Third capacitor, one end of the third capacitor are connected with the collector of first triode, the third capacitor it is another One end is grounded after being connected with the emitter of first triode.

6. vehicle power supply control circuit as claimed in claim 2 or claim 3, which is characterized in that further include:

The dormant control signal receiving end of sleep block, the sleep block is connected with the MCU, the output of the sleep block End is connected with the wake-up module, and the sleep block receives the dormant control signal that the MCU is issued, and according to the suspend mode It controls signal and controls the wake-up module stopping output wake-up enable signal, so that the MCU enters dormant state.

7. vehicle power supply control circuit as claimed in claim 6, which is characterized in that the sleep block includes:

Second diode, the anode of second diode is as the dormant control signal receiving end；

Third transistor, the base stage of the third transistor are connected with the cathode of second diode, the third transistor Emitter ground connection, the collector of the third transistor is connected with one end of the second resistance.

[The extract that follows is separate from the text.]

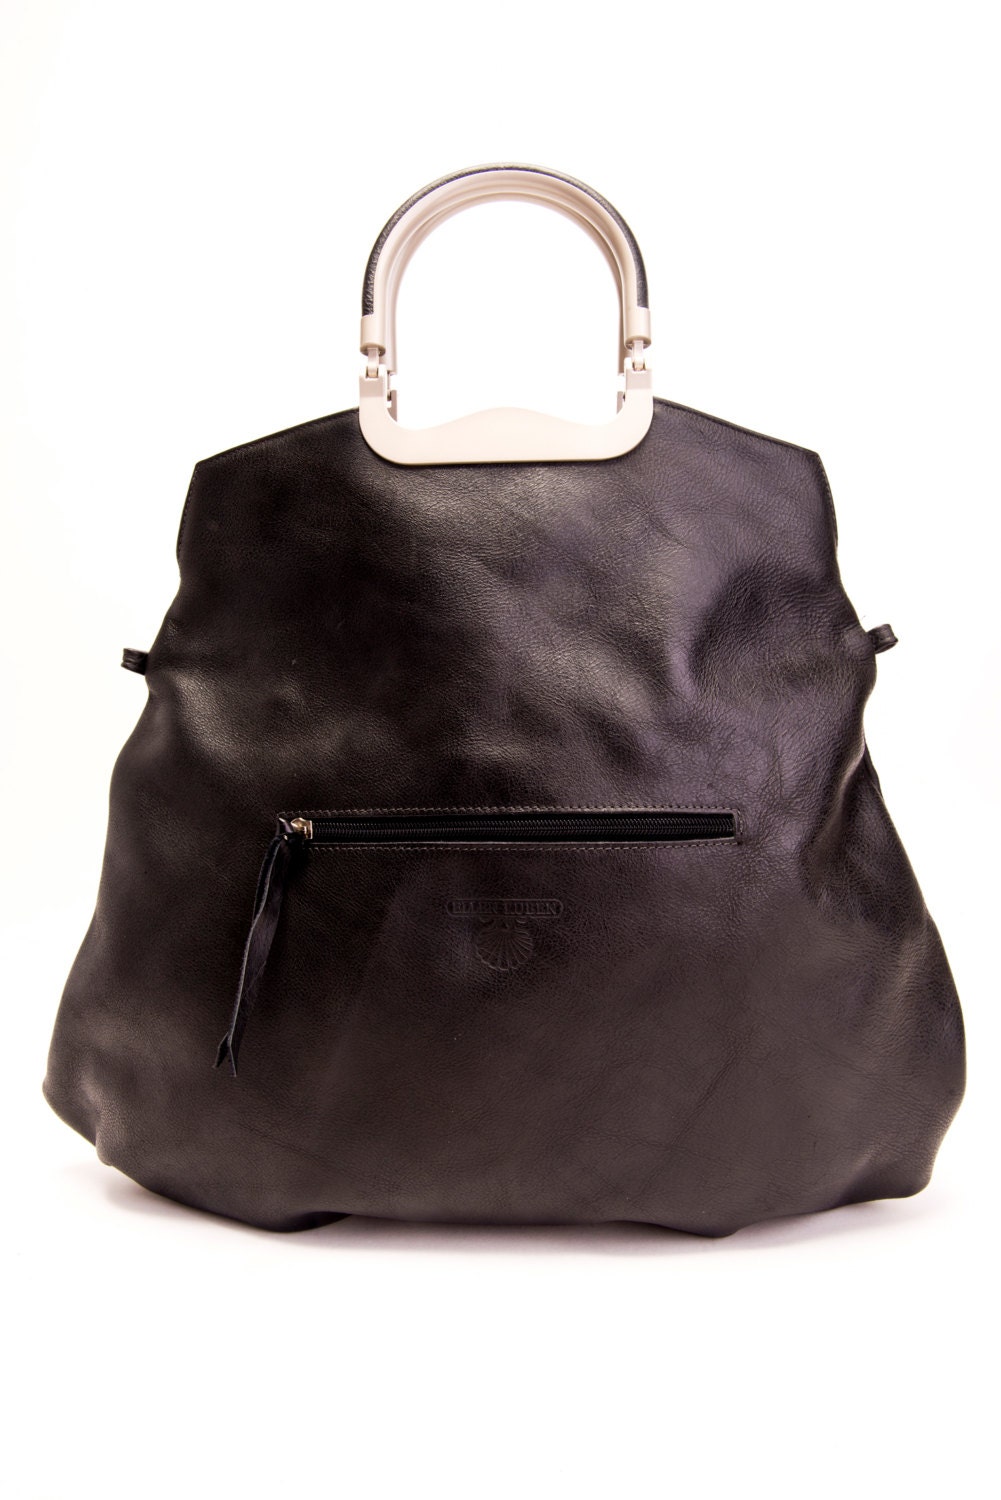 Black Leather Tote Bag / Women Leather by EllenRubenBagsShoes

8. vehicle power supply control circuit as claimed in claim 2 or claim 3, which is characterized in that further include:

Starting module is maintained, the starting for maintaining starting module maintains signal receiving end to be connected with the MCU, and the maintenance is opened The output end of dynamic model block is connected with the wake-up module, described that starting module is maintained to receive the maintenance starting letter that the MCU is issued Number, and the wake-up module is controlled according to the maintenance enabling signal and persistently exports the wake-up enable signal, so that the electricity Source chip persistently gives the MCU to power.

9. vehicle power supply control circuit as claimed in claim 8, which is characterized in that the maintenance starting module includes:

The anode of third diode, the third diode maintains signal receiving end, the third diode as the starting Cathode be connected with one end of the second resistance.

10. a kind of vehicular electric power source device, which is characterized in that including vehicle power supply control as claimed in any one of claims 1-9 wherein Circuit processed.